Figurados are cool lookin. If I were a cigar that's what I'd want to be


----------



## rbw57 (Jan 21, 2007)

First off let me say that there are two different gars, one is the 
GENUINE PRE-EMBARGO C. C. EDICION LIMITADA CIGARS, the other is GENUINE COUNTERFEIT CUBANS CIGARS, but both are made by Nick Perdomo, and the Maduro version, the CC Educion Limitada is sold out they are so bad! No kidding these are some of the best cigars Perdomo had ever made! And for about 2 bucks each, they are awesome. They have a following now. Yep, the brand is owned by JR CIGARS, Lew Rothman.:cb


----------



## TastyCaramel (Jan 7, 2007)

Even though this thread has been brought back from the dead...

I'm the last person to care about name brands or smoking "the cigar," but there are so many relatively great cigars out there in the $2-3 range that I can't imagine I would smoke these things before trying other smokes with less ridiculous names.
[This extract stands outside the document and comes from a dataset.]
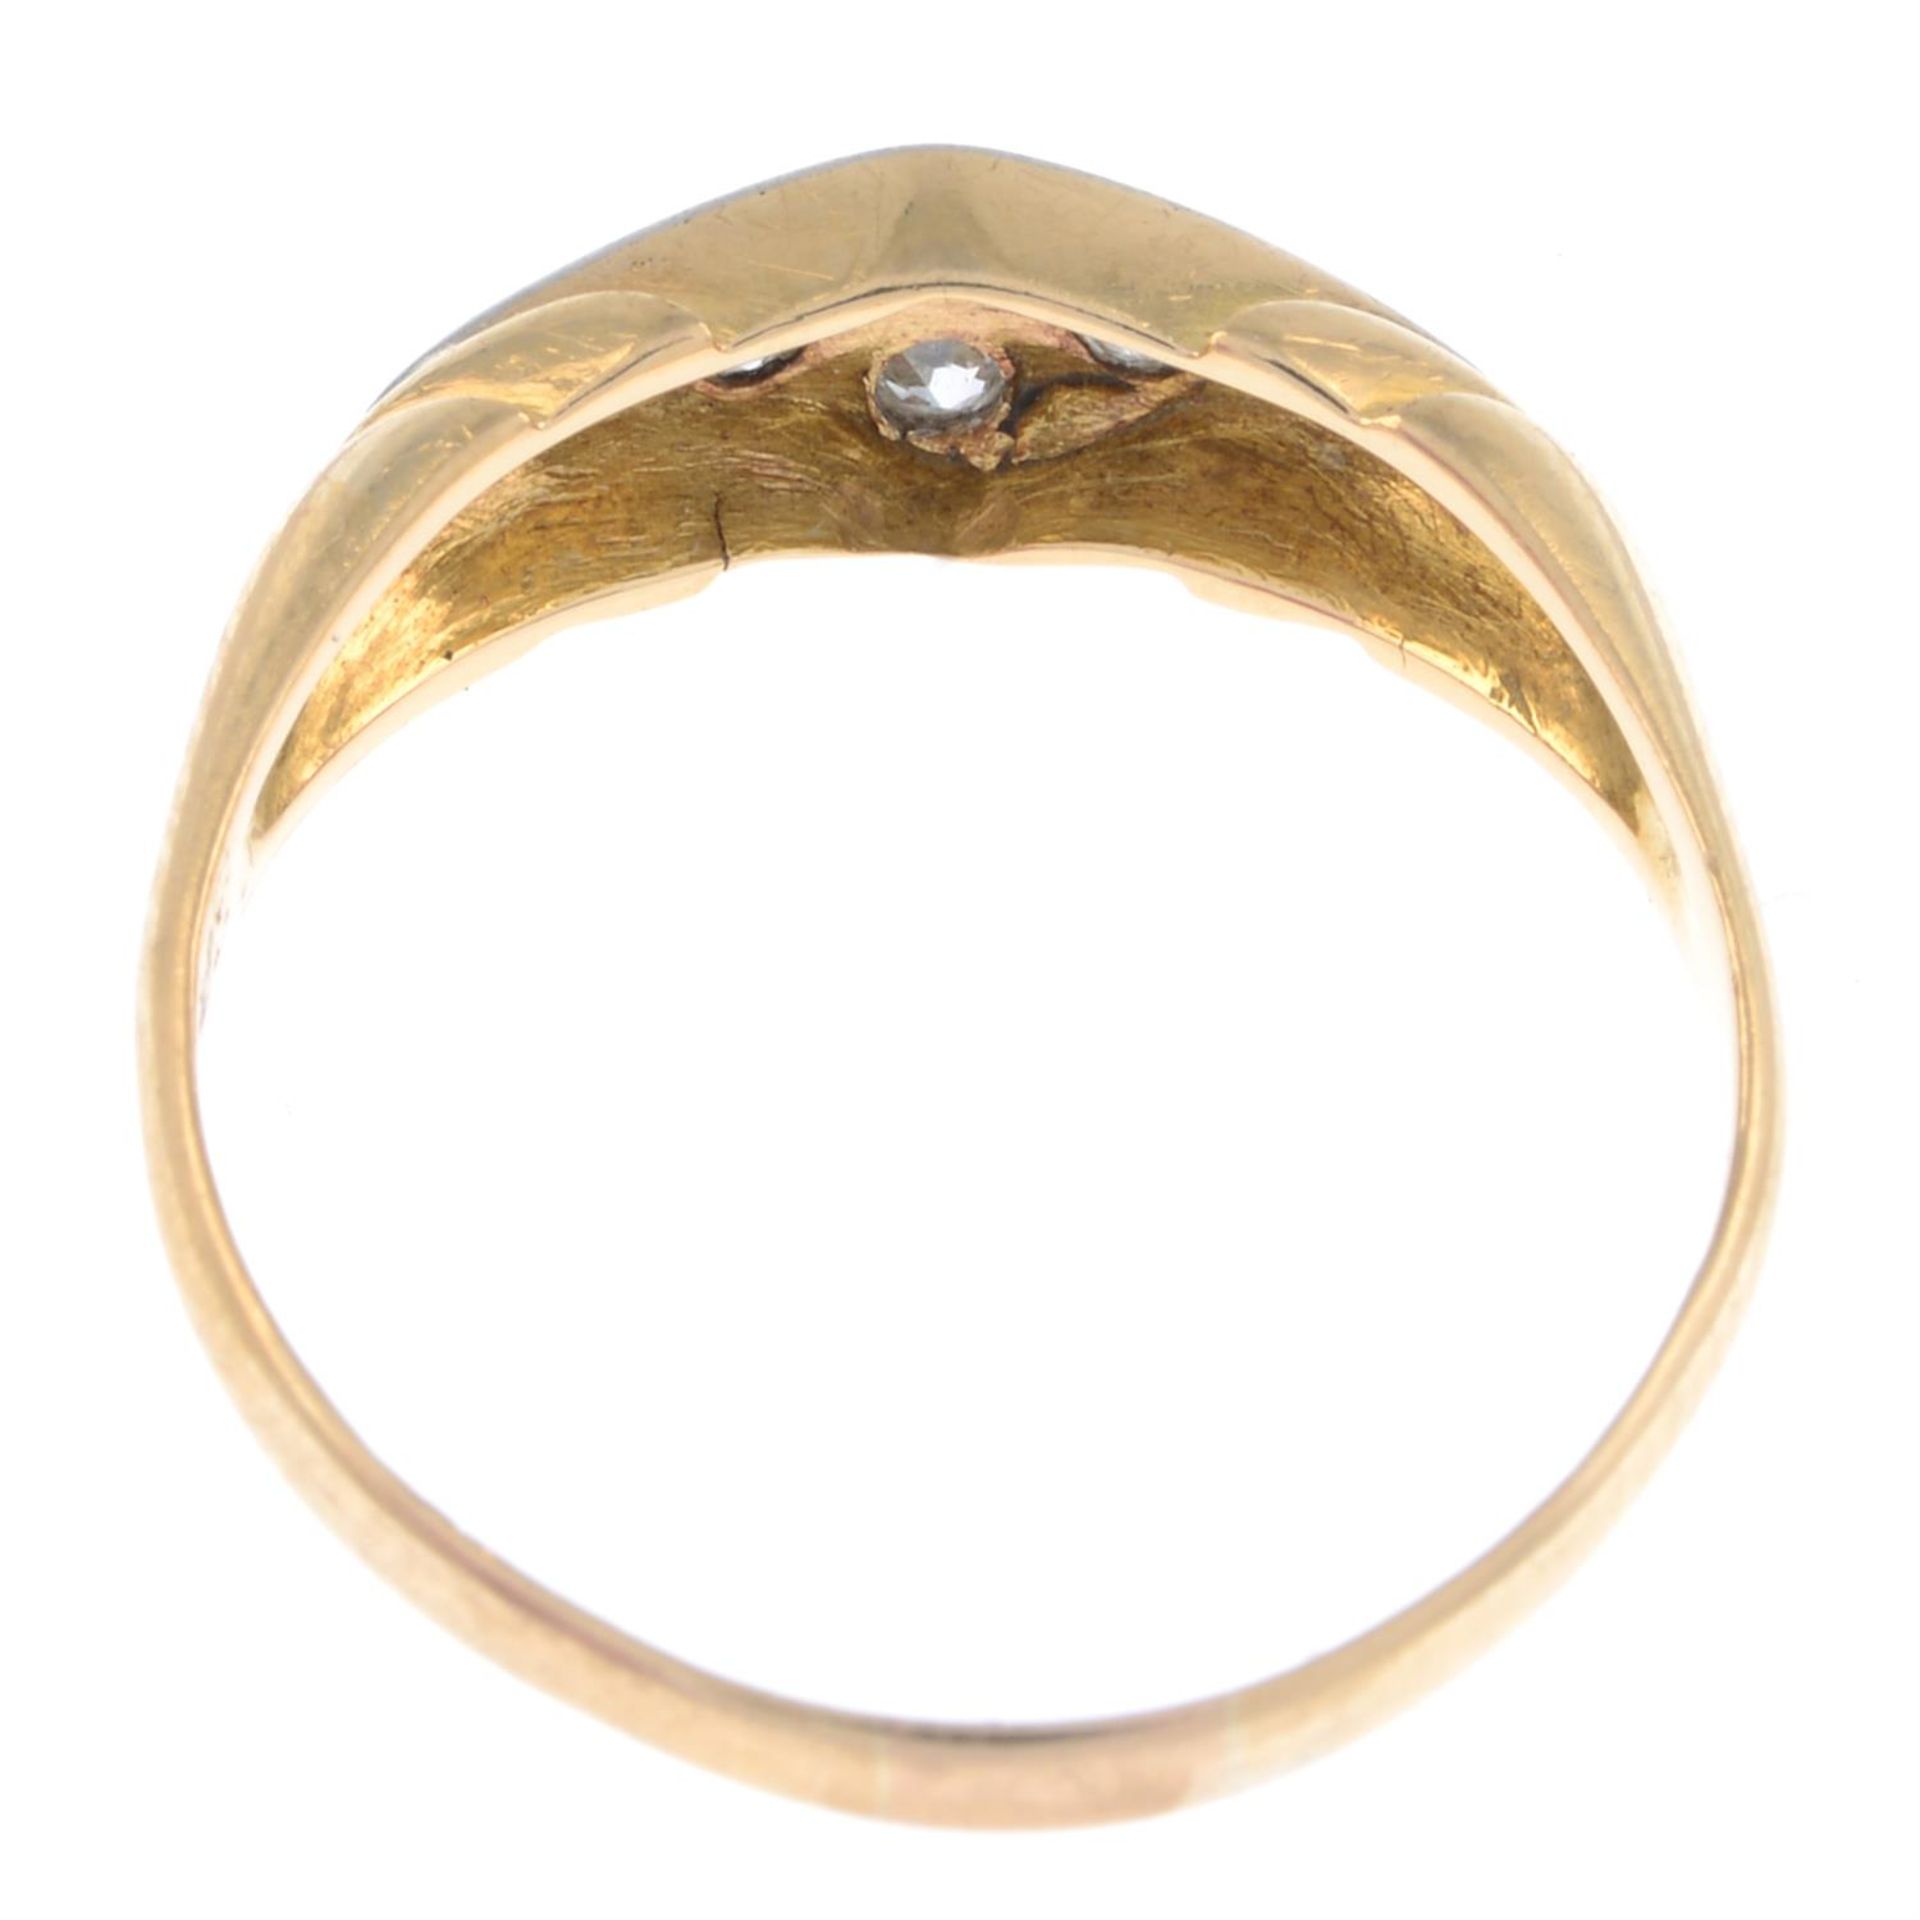 Early 20th century old-cut diamond ring - Image 2 of 2

I question the quality of something that has a gimmicky name to attract customers. If the cigar's so delicious it should be a success without the tricks - with a more "average" name.

I don't think Lew and JR will go under anytime soon without my support, though


----------



## KASR (Aug 2, 2006)

What the.....this thread must be infected by the T-Virus....cuz, I swear it _was_ dead!


----------



## chupacabrah (Jan 2, 2008)

KASR said:


> What the.....this thread must be infected by the T-Virus....cuz, I swear it _was_ dead!


last reply before today... 09-17-2006

nice!


----------



## Mark THS (Feb 5, 2007)

What an odd top for someones first post


----------



## gnukfu (Dec 19, 2007)

Mark THS said:


> What an odd top for someones first post


:tpd: I have nothing to add


----------



## TastyCaramel (Jan 7, 2007)

gnukfu said:


> :tpd: I have nothing to add


I thought I'd add my opinion so as to ease the awkwardness when everyone pointed this out


----------



## Glacierman (Nov 16, 2006)

Yeah, but hey, these ain't too bad fer cheap smokes. Why, I remember when these here Jen-yew-wine Counterfeit Cubans first came out, waaaaay back when. They wuz purty good. Usedta pick 'em up from the local BM. They wuz all right, they wuz. Yup. Purty good.


----------



## beamish (Jan 10, 2007)

I started smoking stogies on those some years ago loved them,back then, they were the 1958 counterfeits then found padron dont really care for them anymore


----------



## brigey (Dec 17, 2006)

Zoomschwortz said:


> The sale is at Mikes. All sizes are $69.95
> 
> The Genuine Pre-Embargo Counterfeit Cuban 1958 Gourmet Figurado's ranked number 1 for full bodied cigars in the Latest issue of Cigar Magazine.
> 
> ...


*Please let us know how genuine they taste. Thanks.:ss*


----------



## brigey (Dec 17, 2006)

pnoon said:


> A Genuine Conuterfeit - WTF?


*Sorta like genuine artificial leather. or plastic. LOL:r*


----------



## homeless_texan (Sep 11, 2005)

I feel that I have stepped into bizzaro world.


----------



## Zoomschwortz (Jul 14, 2006)

brigey said:


> *Please let us know how genuine they taste. Thanks.:ss*


WOW it's alive!

Laugh if you want, but, they do taste good and have only improved with age. At $1.40 a piece, they were a bargain and I have had far worse cigars at 4 times the price.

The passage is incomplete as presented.